At this time, if a microcomputer for high-speed processing is used as the arithmetic control circuit 9, the spectrum analysis can be performed at a higher speed.

Further, in the present invention, since the spectrum analysis by the maximum entropy method is performed by the arithmetic processing in the arithmetic control circuit 9, there is no need for any component for performing the channel scanning at the time of the spectrum analysis as in the related art. The overall configuration is simplified.

Effects As described above, in the FM radar device according to the present invention, the transmission signal obtained by frequency-modulating the signal of the fundamental frequency according to the modulation signal and the reception signal by the reflected wave from the target are mixed,
When the distance between the target and the target is determined from the frequency of the signal according to the frequency difference between the transmitted and received signals, the signal obtained by mixing the transmitted signal and the received signal is determined using the maximum entropy method. The spectrum is analyzed while dividing the channels according to the frequency, and the distance between the target and the target is determined in accordance with the high-level data channel from the plurality of spectrum-analyzed channel data. In this case, in particular, in the present invention, a plurality of channels subjected to spectrum analysis are numbered, and a channel number Nx (Nx = 1, 2, 3,,) of data in a high level state from among the plurality of channel data. …) And the maximum measuring distance Lm
From the total number of channels n subjected to the spectrum analysis, the distance Lx between the target and the target is calculated as Lx = Lm × Nx / n. This has an excellent advantage that the distance to the target can be measured at a high speed.

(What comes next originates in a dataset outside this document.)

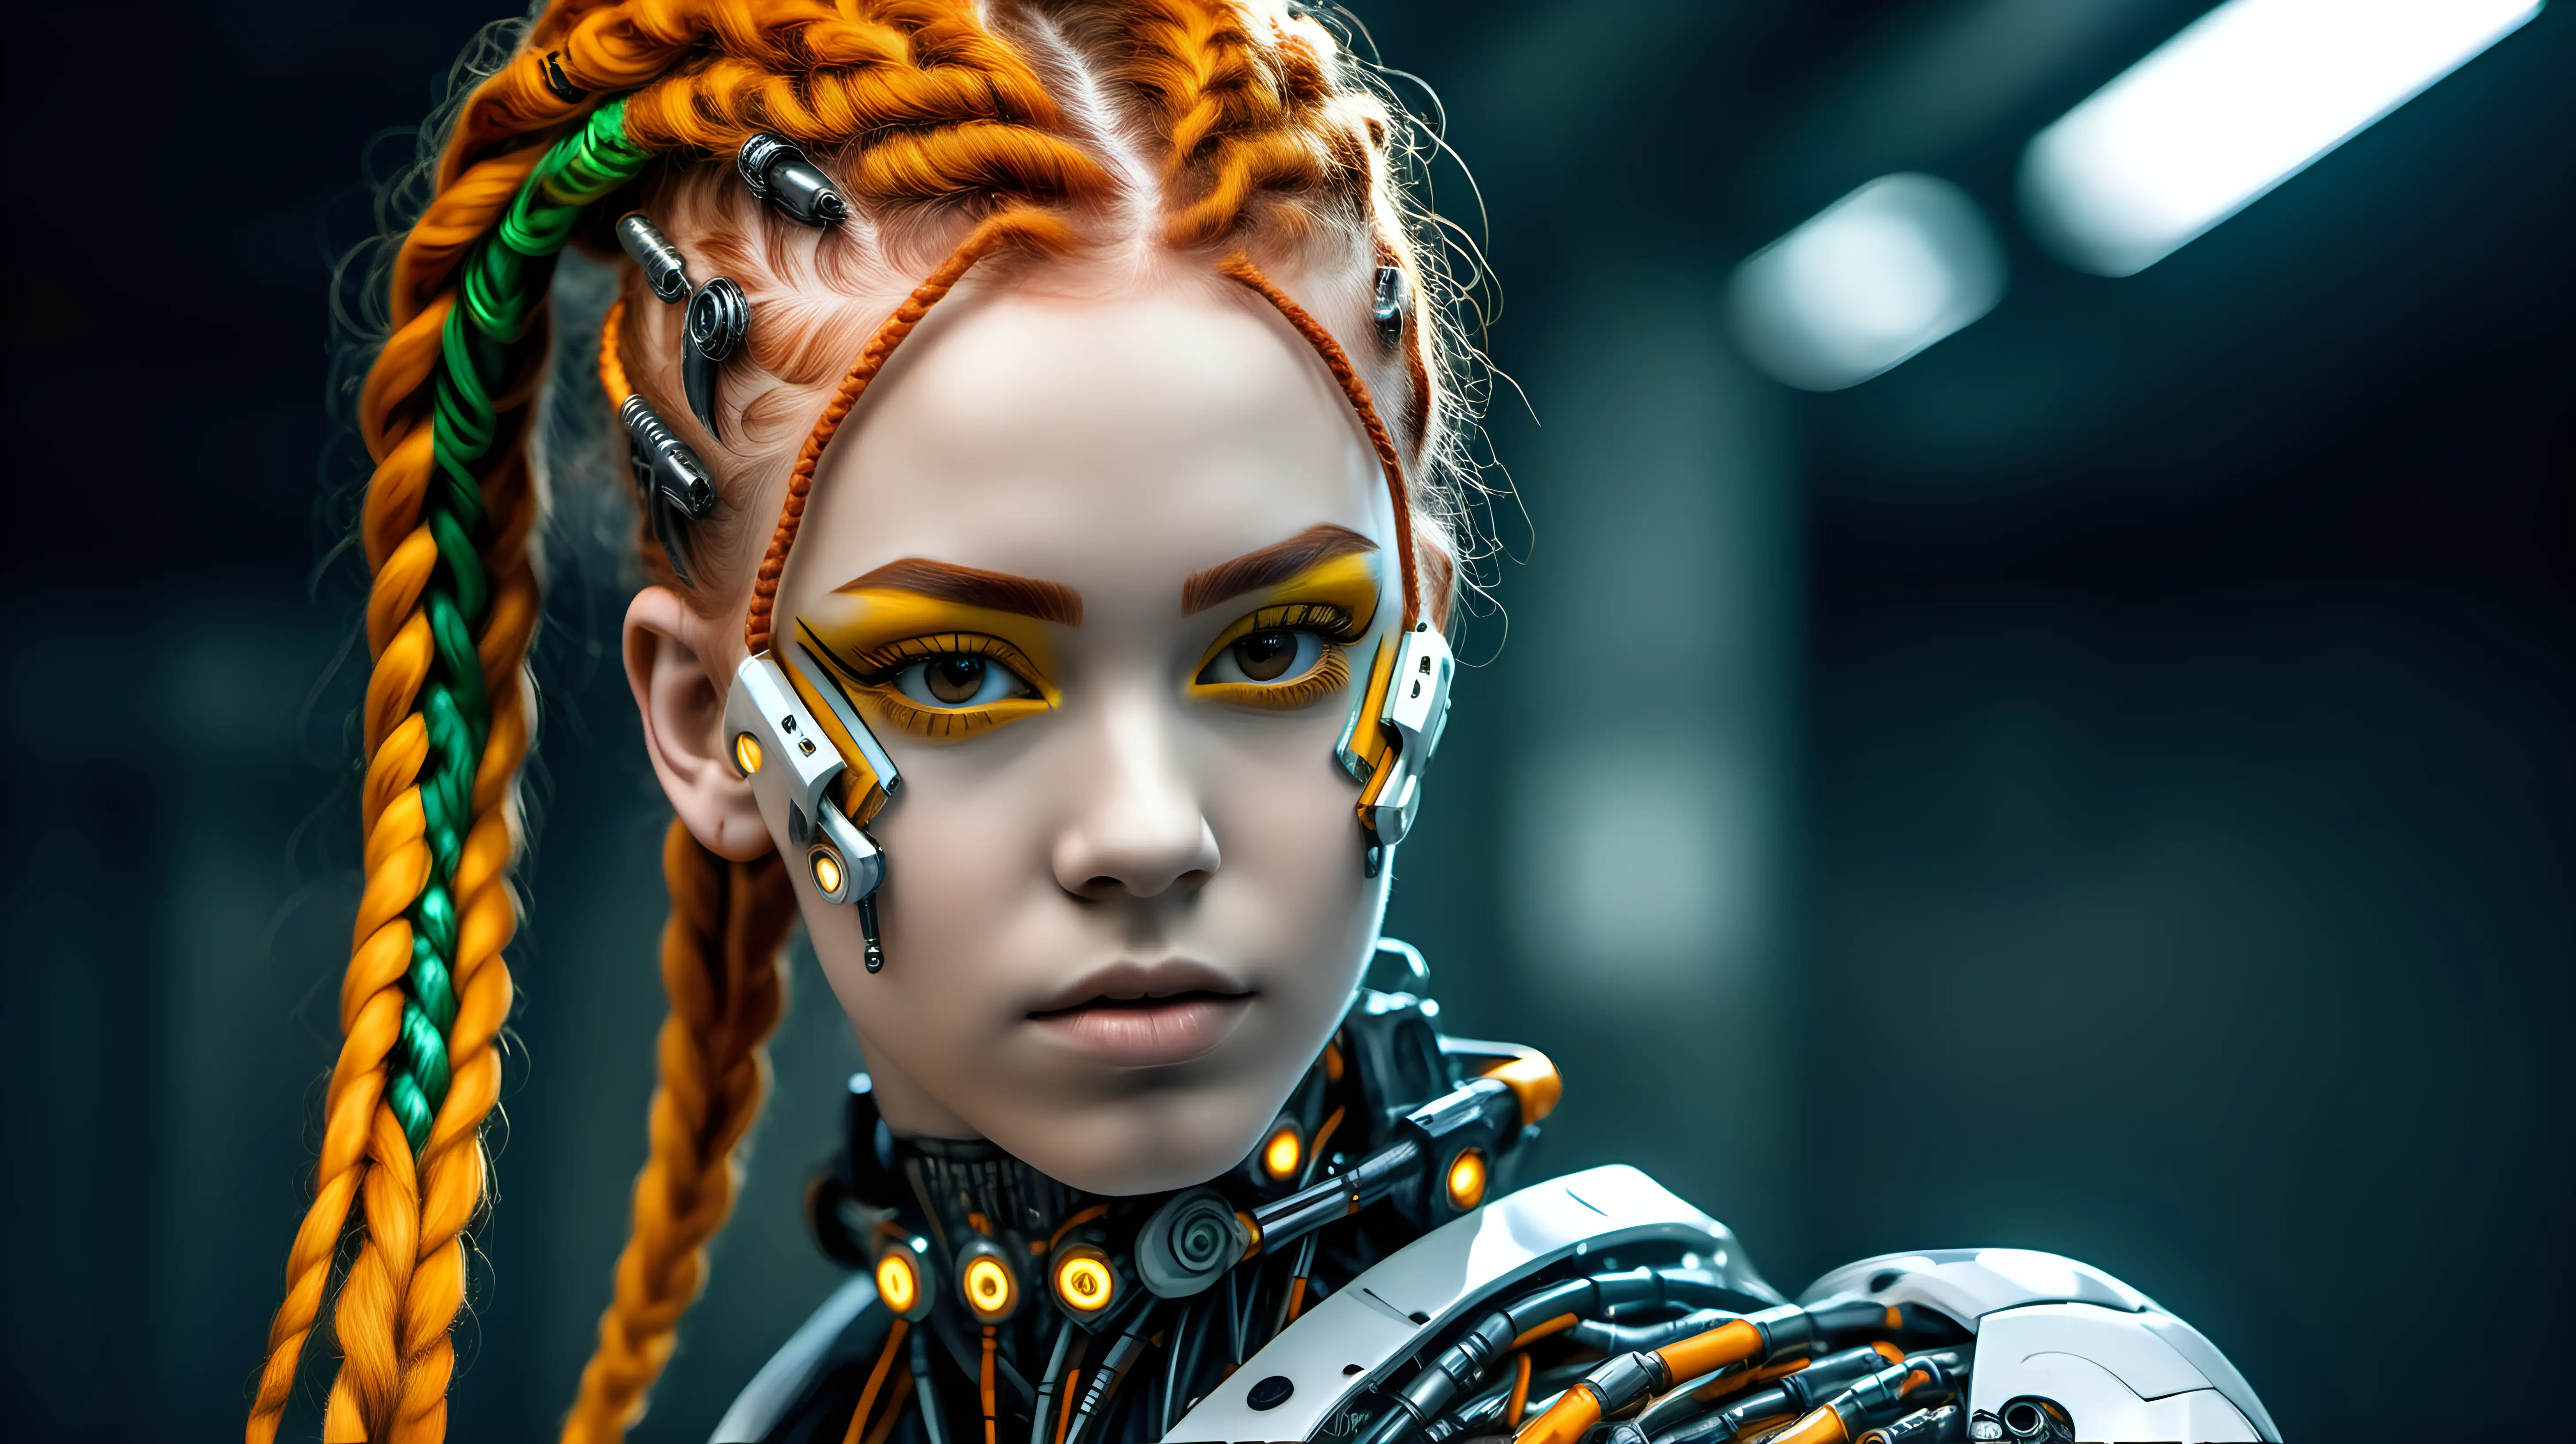 Futuristic Beauty Stunning Cyborg Couple with Vibrant Multicolored Braids

[Brief description of the drawings]

FIG. 1 is a block diagram showing an embodiment of an FM radar apparatus according to the present invention, FIG. 2 is a characteristic diagram of transmission and reception signals in the FM radar apparatus, and FIG. FIG. 4 is a characteristic diagram showing a signal of the reception frequency fr proportional to the distance and a channel subjected to spectrum analysis, respectively.
FIG. 1 is a block diagram showing a conventional FM-CW radar apparatus based on spectrum analysis. 1 ... frequency modulation section, 2 ... modulation signal generation circuit, 3 ...
Oscillator, 4 ... Power divider, 5 ... Circulator, 6
... mixer, 7 ... amplifier, 8 ... A / D converter, 9 ...
… Calculation control circuit

Claims (1)

(57) [Claims] 1. A signal according to a frequency difference between a transmission signal and a reception signal obtained by mixing a transmission signal obtained by frequency-modulating a signal of a fundamental frequency in accordance with a modulation signal and a reception signal by a reflected wave from a target. In the FM radar system that obtains the distance between the target and the target from the frequency of the signal, the signal obtained by mixing the transmission signal and the reception signal is divided into channels according to the frequency using the maximum entropy method. A means for performing spectrum analysis and a means for obtaining a distance from a target according to a channel of data at a high level among a plurality of channel data subjected to spectrum analysis are provided. Numbering is performed to select the channel of the data that is in the high level state from among the multiple channel data. Number Nx (Nx = 1,2,3, ...) out comparatively and from the maximum measurement distance Lm and spectrum analysis is the total number of channels n was, the distance Lx between the target, Lx = Lm × / Nx /
An FM radar device characterized in that it is obtained as n.